Section 43 Model Selection: Forward Stepwise Selection
43.1 Statistical Model
\[ \large y_{i} = \beta_0 + \beta_1 x_{1i} + \beta_2 x_{2i} + ... + \beta_p x_{pi} + \epsilon_{i} \]
\[ i = 1,...,n; \space p = \space number \space of \space predictors \]
43.2 Steps
Fit a Null model \(M_0\) which contains no predictors. This model simply predicts the sample mean for each observation.
For \(k = 1,2,...,p\)
Fit all \(p-k\) models that that augment the predictors in \(M_k\) with one additional predictor.
Choose the best model \(M_k\) among these \(p-k\) models based on the smallest RSS, or equivalently, largest \(R^2\).

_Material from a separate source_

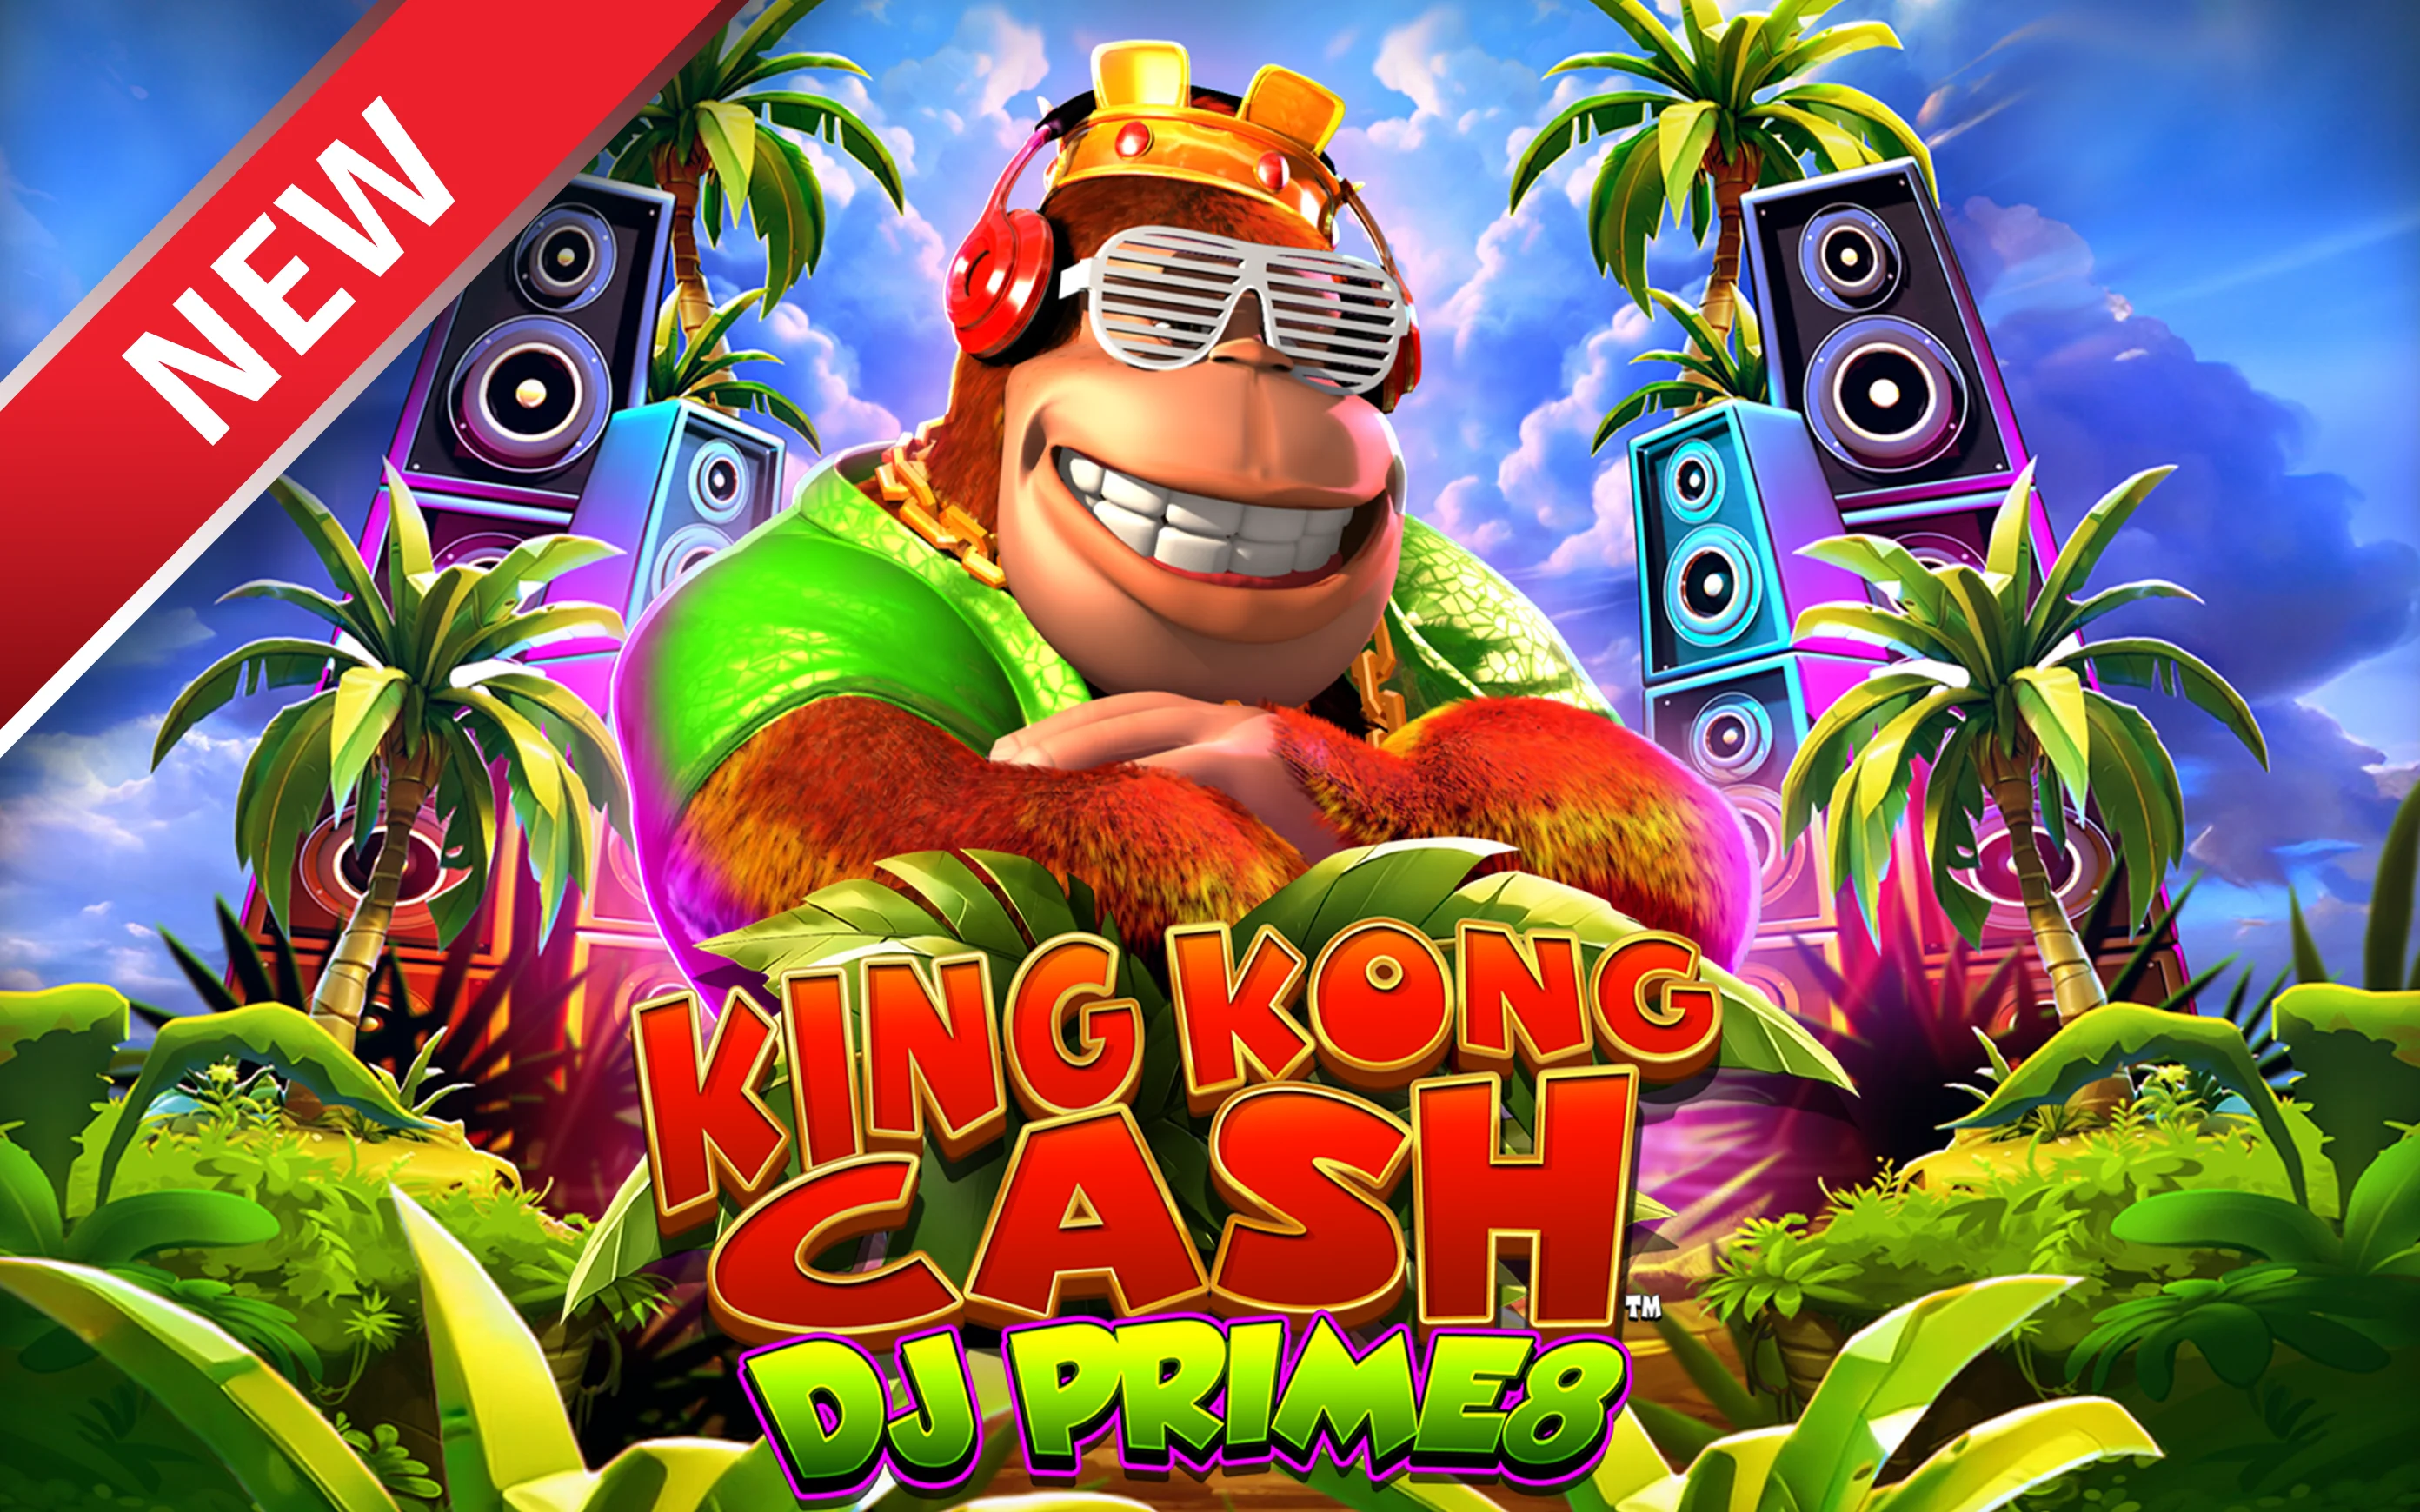 Juega a King Kong Cash DJ Prime8 en el casino en línea de Starcasino.be
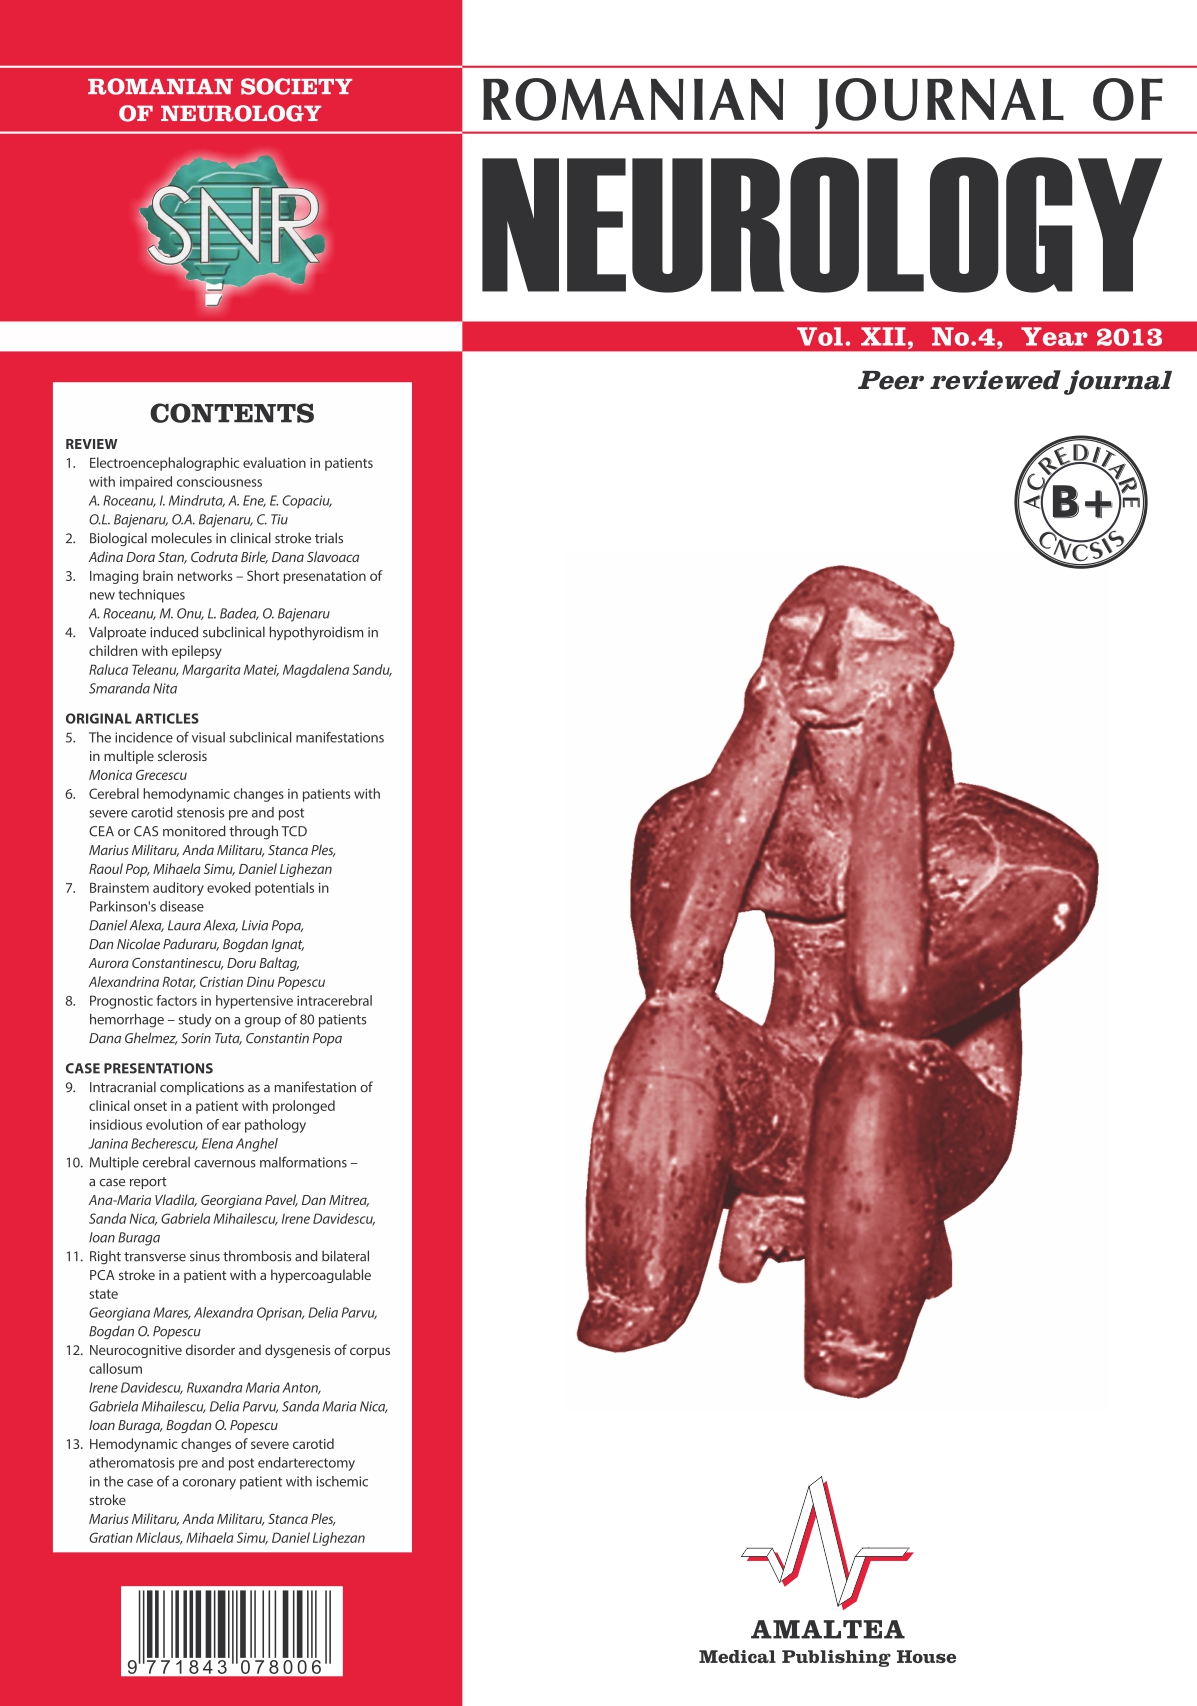 Romanian Journal of Neurology, Volume XII, No. 4, 2013

Select a single best model from among \(M_0, M_1, ..., M_p\) models using the criteria Adjusted \(R^2\), Mallow’s Cp, AIC or BIC.
43.4 R implementation
library(leaps)
BP <- read.csv('data/BP.csv')
# Remove NA values from all variables
BP <- na.omit(BP)
BP$DM <- as.factor(BP$DM)
# Subset the data
BP <- BP[,-1]
# Forward selection
fwd.fm <- regsubsets(SBP ~ ., data=BP,
nbest=1, nvmax=6, intercept=TRUE,
method='forward')
fwd.summary <- summary(fwd.fm)
# names(fwd.summary)
fwd.summary
Subset selection object
Call: regsubsets.formula(SBP ~ ., data = BP, nbest = 1, nvmax = 6,
intercept = TRUE, method = "forward")
6 Variables (and intercept)
Forced in Forced out
EthnicAsian FALSE FALSE
EthnicCaucasian FALSE FALSE
Age FALSE FALSE
Income FALSE FALSE
BMI FALSE FALSE
DM2 FALSE FALSE
1 subsets of each size up to 6
Selection Algorithm: forward
EthnicAsian EthnicCaucasian Age Income BMI DM2
1 ( 1 ) " " " " " " " " "*" " "
2 ( 1 ) " " " " " " " " "*" "*"
3 ( 1 ) " " " " "*" " " "*" "*"
4 ( 1 ) " " " " "*" "*" "*" "*"
5 ( 1 ) " " "*" "*" "*" "*" "*"
6 ( 1 ) "*" "*" "*" "*" "*" "*"
(Intercept) EthnicAsian EthnicCaucasian Age Income BMI DM2
-3.858060268 -0.002753277 -0.013373729 0.903319577 -0.003045831 2.348833049 4.073927322
# Customised plot
par(mfrow=c(2,2))
xlab <- 'Number of X-variables'
plot(x = fwd.summary$rss,
xlab=xlab, ylab='RSS',
type='l', col='blue')
index <- which.min(fwd.summary$rss)
points(x = index, y = fwd.summary$rss[index],
col='red', cex=2, pch=20)
plot(x=fwd.summary$adjr2,
xlab=xlab, ylab='Adjusted R2',
type='l', col='blue')
index <- which.max(fwd.summary$adjr2)
points(x = index, y = fwd.summary$adjr2[index],
col='red', cex=2, pch=20)
plot(x=fwd.summary$cp,
xlab=xlab, ylab='Mallow Cp',
type='l', col='blue')
index <- which.min(fwd.summary$cp)
points(x = index, y = fwd.summary$cp[index],
col='red', cex=2, pch=20)
plot(x=fwd.summary$bic,
xlab=xlab, ylab='BIC',
type='l', col='blue')
index <- which.min(fwd.summary$bic)
points(x = index, y = fwd.summary$bic[index],
col='red', cex=2, pch=20)
(Intercept) Age BMI DM2
-3.9018887 0.9022749 2.3487465 4.0731999
43.3 Comments
This approach fits \(1 + p(p+1)/2\) models.
This approach is computationally efficient.
All models within forward selection approach are nested.
However, it It is not guaranteed to find the best possible model out of all \(2^p\) models containing subsets of the \(p\) predictors.
Forward selection can be implemented in scenarios when the number of samples \(n\) is smaller than the number of variables \(p\) (\(n < p\)).